Lilly's Lebrikizumab Performs Well in Two Phase 3 AD Trials
Lebrikizumab significantly improved skin clearance and itch in people with moderate-to-severe atopic dermatitis in two Phase 3 trials.
Eli Lilly and Company's lebrikizumab led to significant improvements with at least 75 percent skin clearance in more than half of people with moderate-to-severe atopic dermatitis (AD), according to top-line results from ADvocate 1 and ADvocate 2.
All primary and all key secondary endpoints, including skin clearance and itch improvement, were met at Week 16, the studies showed.
Lebrikizumab is a novel monoclonal antibody (mAb) that binds soluble IL-13 with high affinity, has high bioavailability, a long half-life and blocks IL-13 signaling. The U.S. Food and Drug Administration (FDA) has granted Fast Track designation to lebrikizumab for moderate-to-severe AD in adult and adolescent patients (aged 12 to less than 18 years of age and weighing at least 40 kg).

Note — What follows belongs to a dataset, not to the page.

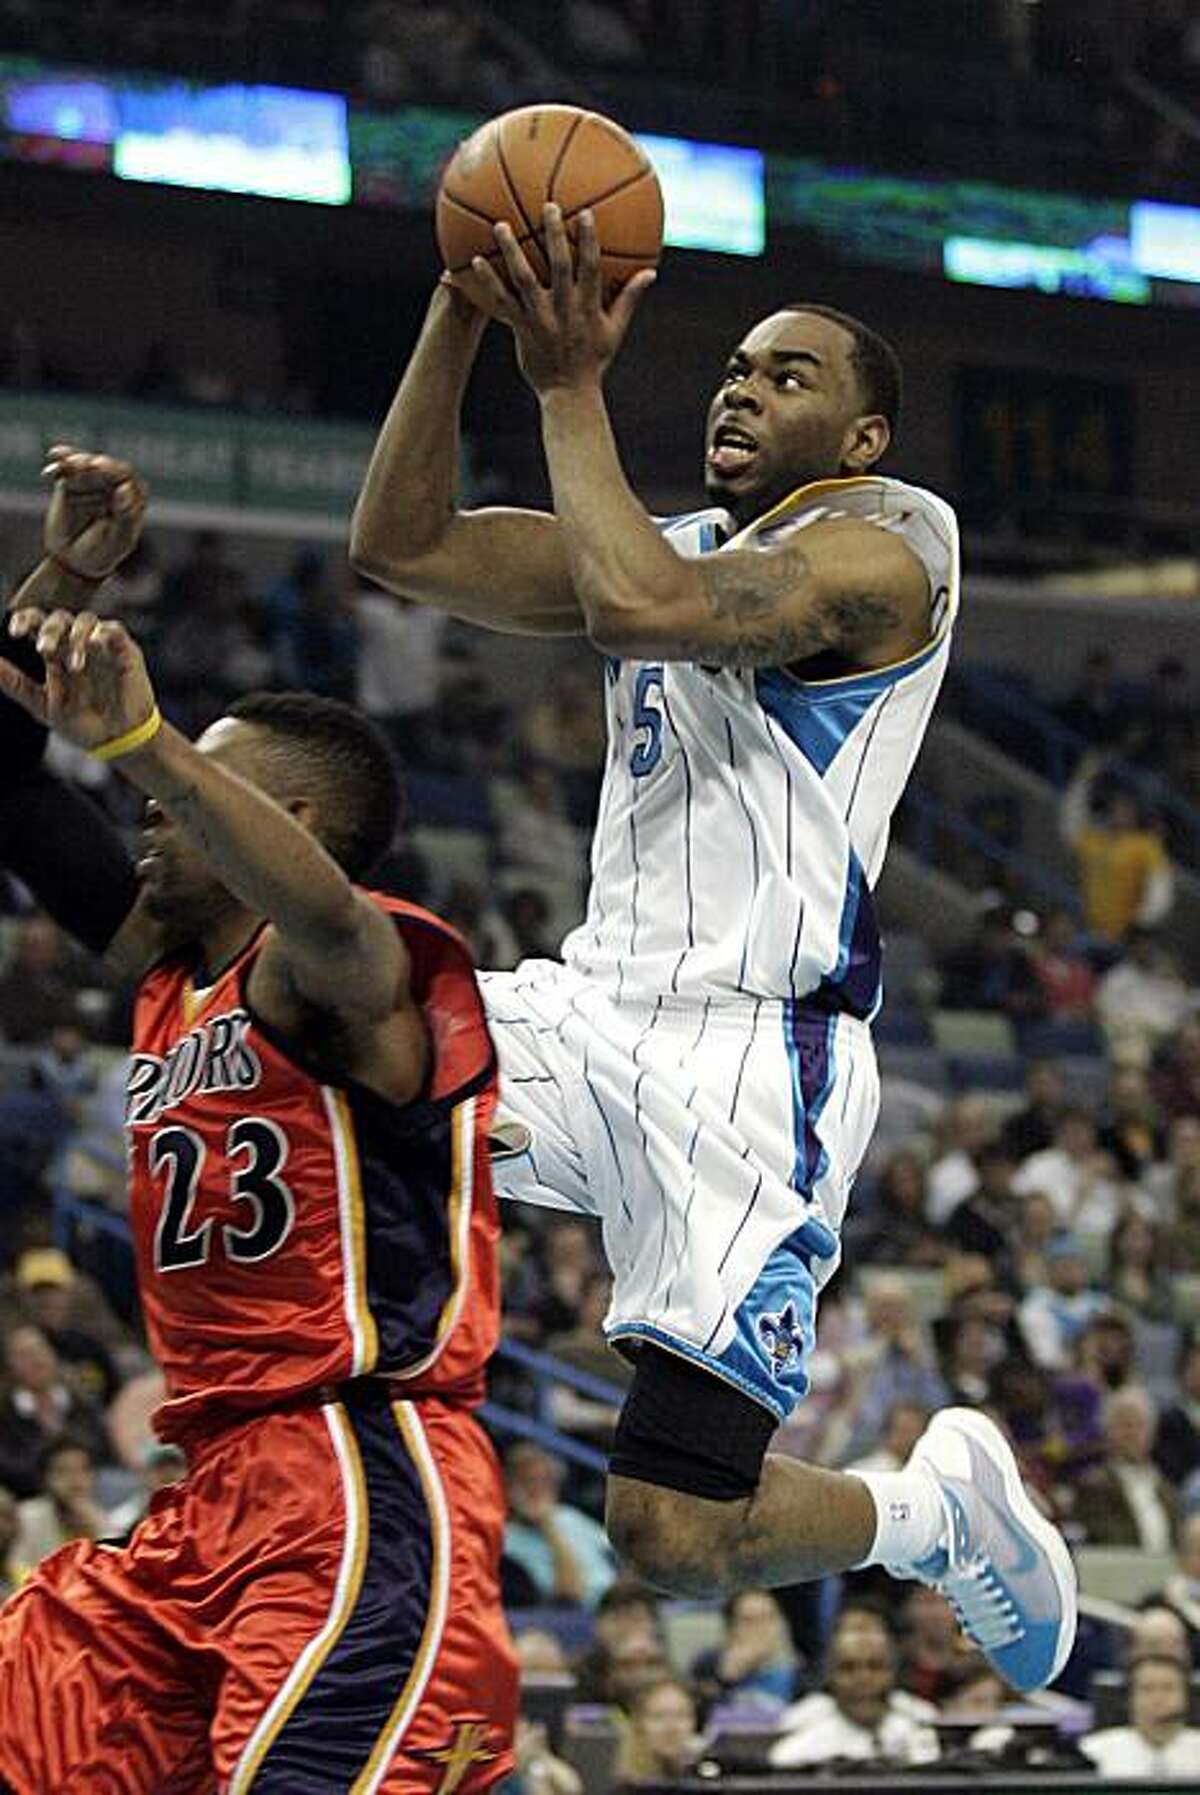 New Orleans Hornets guard Marcus Thornton (5) goes up for a shot over Golden State Warriors guard C.J. Watson (23) during the first half of an NBA basketball game in New Orleans, Monday, March 8, 2010.

"AD is a heterogenous disease with signs and symptoms varying greatly between patients, underscoring the need for additional treatment options with different mechanisms of action," says Jonathan Silverberg, M.D., Ph.D., M.P.H., associate professor of dermatology at George Washington University School of Medicine and Health Sciences in Washington, DC, and a principal investigator of the ADvocate 2 trial, in a news release. "Data from the studies showed lebrikizumab's effect on skin clearance and its potential to address a key driver for this disease as well as provide improvements in itch, sleep disturbance and quality of life."
ADvocate 1 and ADvocate 2 are ongoing 52-week randomized, double-blind, placebo-controlled, parallel-group, Phase 3 studies designed to evaluate lebrikizumab as monotherapy in adult and adolescent patients (aged 12 to less than 18 years of age and weighing at least 40 kg) with moderate-to-severe AD. The primary efficacy endpoints were assessed at 16 weeks in the two studies and were measured by an Investigator Global Assessment (IGA) score of clear (0) or almost clear (1) skin with a reduction of at least two points from baseline at Week 16 and at least a 75 percent or greater change from baseline in their Eczema Area and Severity Index (EASI) score at Week 16.
Lebrikizumab also achieved key secondary endpoints versus placebo in patients with AD, including early onset in skin clearance and itch relief, improvement in interference of itch on sleep and quality of life. Key secondary endpoints were measured by the IGA, EASI, the Pruritus Numeric Rating Scale, Sleep-Loss due to Pruritus and the Dermatology Life Quality Index.
In the initial 16-week placebo-controlled period of ADvocate 1 and ADvocate 2, the incidence of treatment-emergent adverse events (AEs) and serious AEs among patients treated with lebrikizumab was consistent with that of the previous Phase 2 lebrikizumab study in AD. The most common AEs included conjunctivitis, nasopharyngitis and headache for lebrikizumab-treated patients. Discontinuations due to AEs were similar in the lebrikizumab group (1.4%) compared to placebo (1.7%).
"We understand the needs of people in the AD community worldwide and are aware that many are still in need of new treatment options despite available medicines," says Lotus Mallbris, M.D., Ph.D., vice president of immunology development at Lilly. "Lebrikizumab is a specific inhibitor of IL-13 that offers robust binding affinity and high bioavailability. Today's results show that the inhibition of IL-13 cytokine plays a main role in AD treatment, as demonstrated by more than half of the patients achieving at least 75% clearance to total clearance on lebrikizumab monotherapy."
The full study results from ADvocate 1 and ADvocate 2 will be disclosed at future congresses in 2022. Data from a Phase 3 combination study (ADhere) of lebrikizumab with topical corticosteroids in patients with AD will be available later this year. These studies are part of the lebrikizumab Phase 3 program, which consists of five key ongoing, global studies including two monotherapy studies and a combination study as well as long-term extension (ADjoin) and adolescent open label (ADore) trials.
"We are excited about the data received from the studies that support lebrikizumab's potential efficacy in AD and by the prospect of delivering this promising therapy to people living with moderate-to-severe AD in Europe," states Karl Ziegelbauer, Ph.D., Almirall S.A.'s Chief Scientific Officer.
Lilly has exclusive rights for development and commercialization of lebrikizumab in the United States and rest of world outside Europe. Almirall has licensed the rights to develop and commercialize lebrikizumab for the treatment of dermatology indications, including AD, in Europe.